Minimax-Bayes Reinforcement Learning
2023, Thomas Kleine Buening, Dimitrakakis, Christos, Hannes Eriksson, Divya Grover, Emilio Jorge
While the Bayesian decision-theoretic framework offers an elegant solution to the problem of decision making under uncertainty, one question is how to appropriately select the prior distribution. One idea is to employ a worst-case prior. However, this is not as easy to specify in sequential decision making as in simple statistical estimation problems. This paper studies (sometimes approximate) minimax-Bayes solutions for various reinforcement learning problems to gain insights into the properties of the corresponding priors and policies. We find that while the worst-case prior depends on the setting, the corresponding minimax policies are more robust than those that assume a standard (i.e. uniform) prior.

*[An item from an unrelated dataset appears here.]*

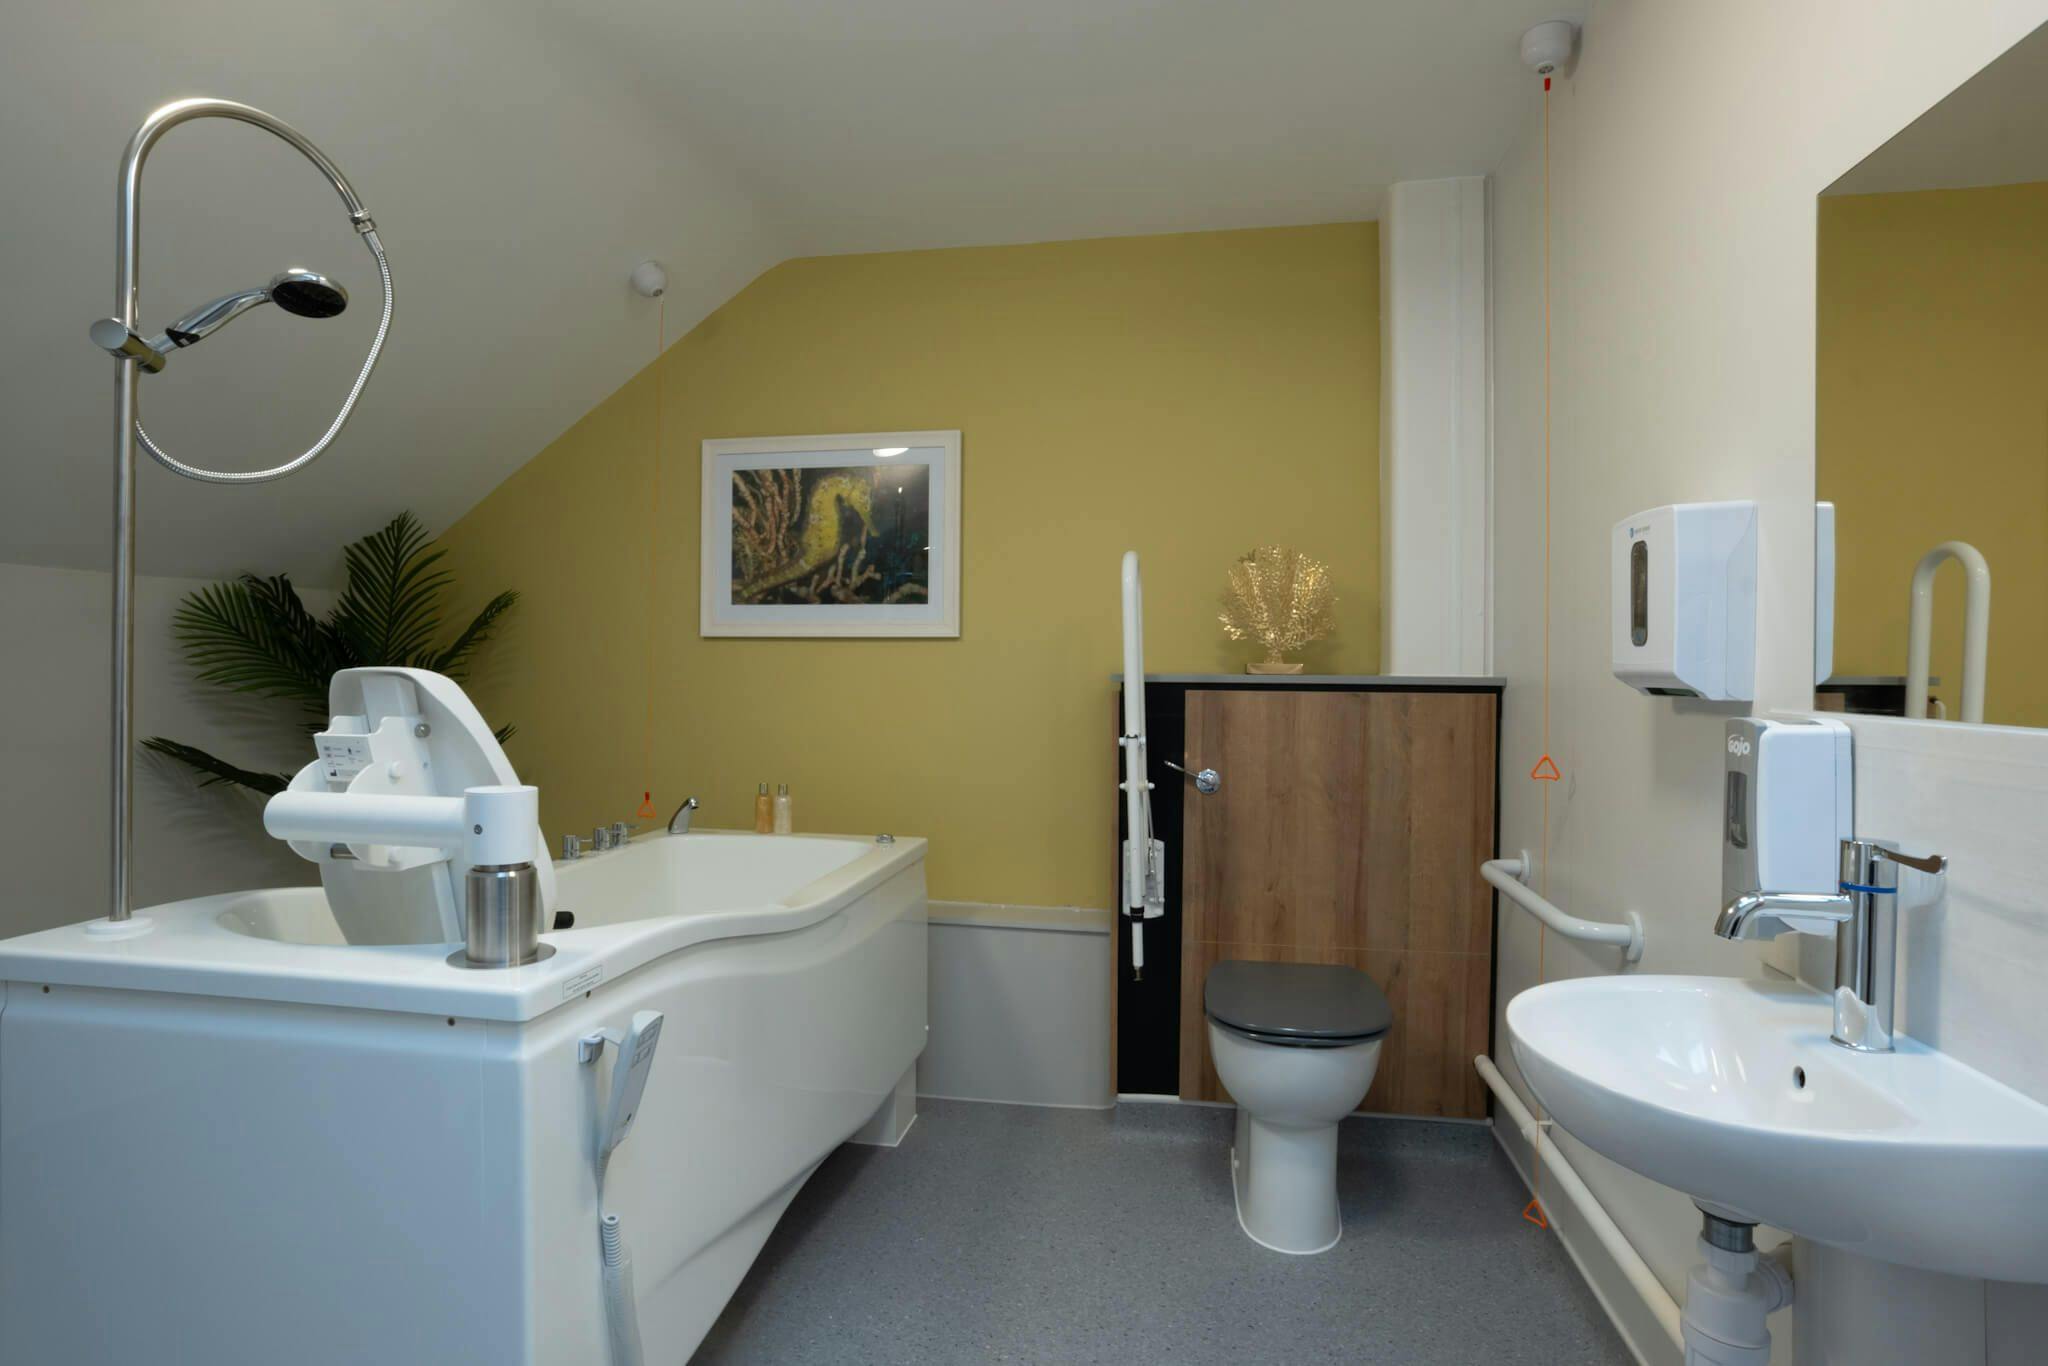 Bathroom at Rowan Park Care Home in Radstock, Somerset

SENTINEL: Taming Uncertainty with Ensemble-based Distributional Reinforcement Learning
2021-02-22T14:45:39Z, Hannes Eriksson, Debabrota Basu, Mina Alibeigi, Dimitrakakis, Christos
In this paper, we consider risk-sensitive sequential decision-making in Reinforcement Learning (RL). Our contributions are two-fold. First, we introduce a novel and coherent quantification of risk, namely composite risk, which quantifies the joint effect of aleatory and epistemic risk during the learning process. Existing works considered either aleatory or epistemic risk individually, or as an additive combination. We prove that the additive formulation is a particular case of the composite risk when the epistemic risk measure is replaced with expectation. Thus, the composite risk is more sensitive to both aleatory and epistemic uncertainty than the individual and additive formulations. We also propose an algorithm, SENTINEL-K, based on ensemble bootstrapping and distributional RL for representing epistemic and aleatory uncertainty respectively. The ensemble of K learners uses Follow The Regularised Leader (FTRL) to aggregate the return distributions and obtain the composite risk. We experimentally verify that SENTINEL-K estimates the return distribution better, and while used with composite risk estimates, demonstrates higher risk-sensitive performance than state-of-the-art risk-sensitive and distributional RL algorithms.